Partial deletion of the cloned rfb gene of Escherichia coli O9 results in synthesis of a new O-antigenic lipopolysaccharide

The rfb gene, involved in the synthesis of the O-specific polysaccharide (a mannose homopolymer) of Escherichia coli O9 lipopolysaccharide (LPS), was cloned in E. coli K-12 strains. The O9-specific polysaccharide covalently linked to the R core of K-12 was extracted from the K-12 strains harboring the O9 rfb gene. All the other genes required for the synthesis of rfe-dependent LPS are therefore considered to be present in the K-12 strains. It was found that bacteria harboring some clones with deletions of the ca. 20-kilobase-pair (kbp) BglII-StuI fragment no longer synthesized the O9-specific polysaccharide.
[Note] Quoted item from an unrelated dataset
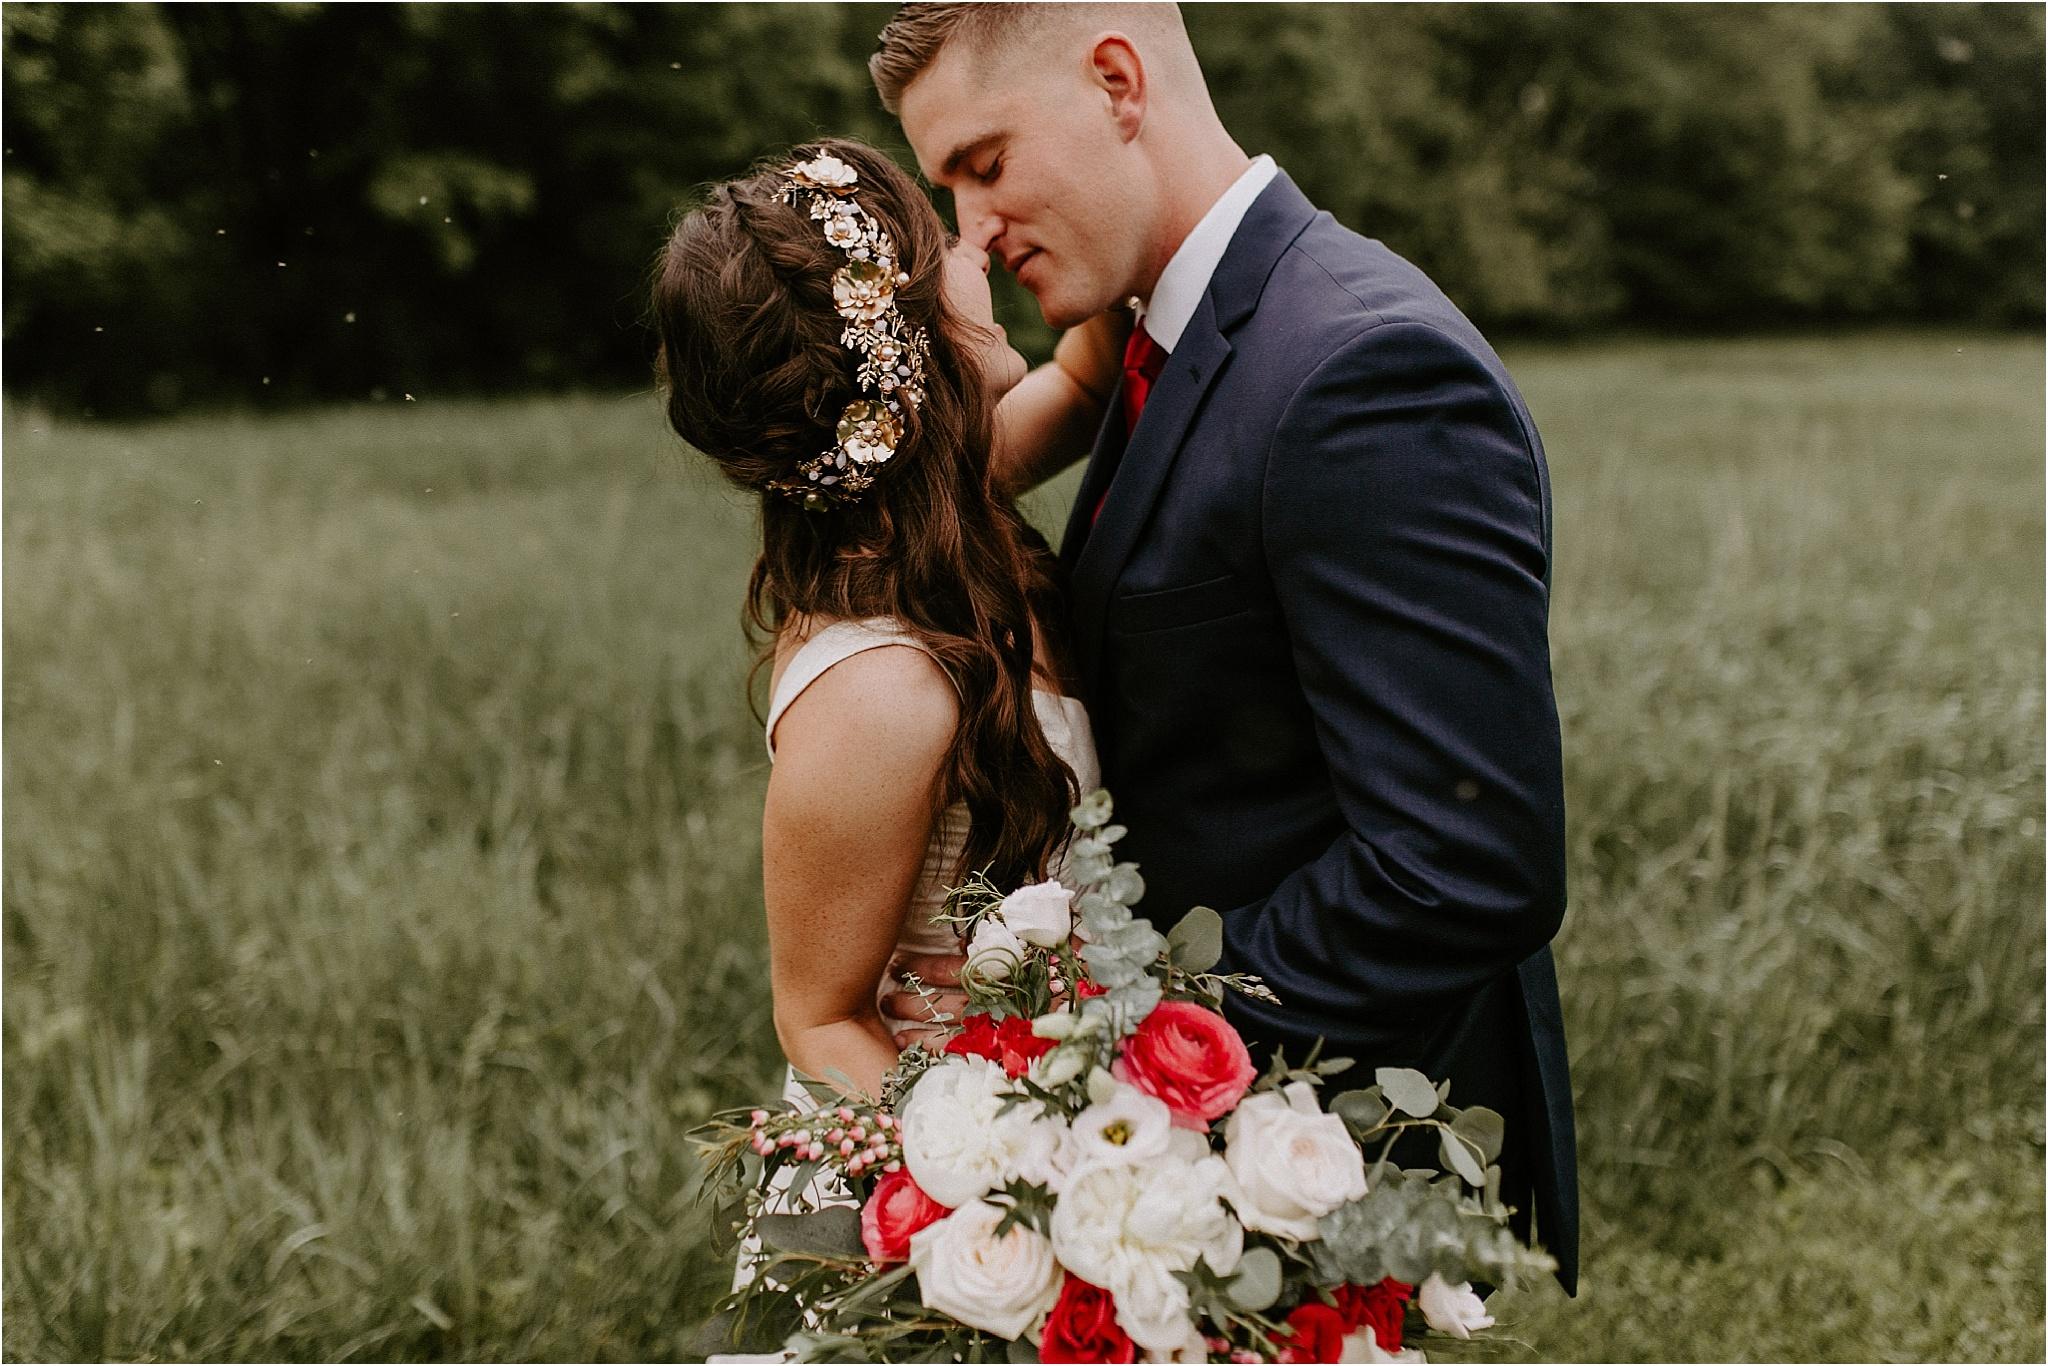 Sarah_Brookhart_Farm_at_Eagles_Ridge_Wedding_Photographer_0060.jpg

However, bacteria harboring clones del 21, del 22, and del 25, which carry deletions of the 10-kbp PstI-StuI fragment, synthesized an O-specific polysaccharide antigenically distinct from E. coli O9 LPS. Although this new O-specific polysaccharide consisted solely of mannose and the mannose residues were combined only through α-1,2 linkage, it was still composed of a repeating oligosaccharide unit, possibly a trisaccharide unit, →2)αMan-(1→2)αMan-(1→2)αMan-(1→. It is therefore likely that this new O-specific polysaccharide was derived from a part of the O9-specific polysaccharide →3)αMan-(1→3)αMan-(1→2)αMan-(1→2)αMan-(1→2)αMan-(1→ and that the deleted part of the clones was responsible for the synthesis of α-1,3 linkages of the O9-specific polysaccharide.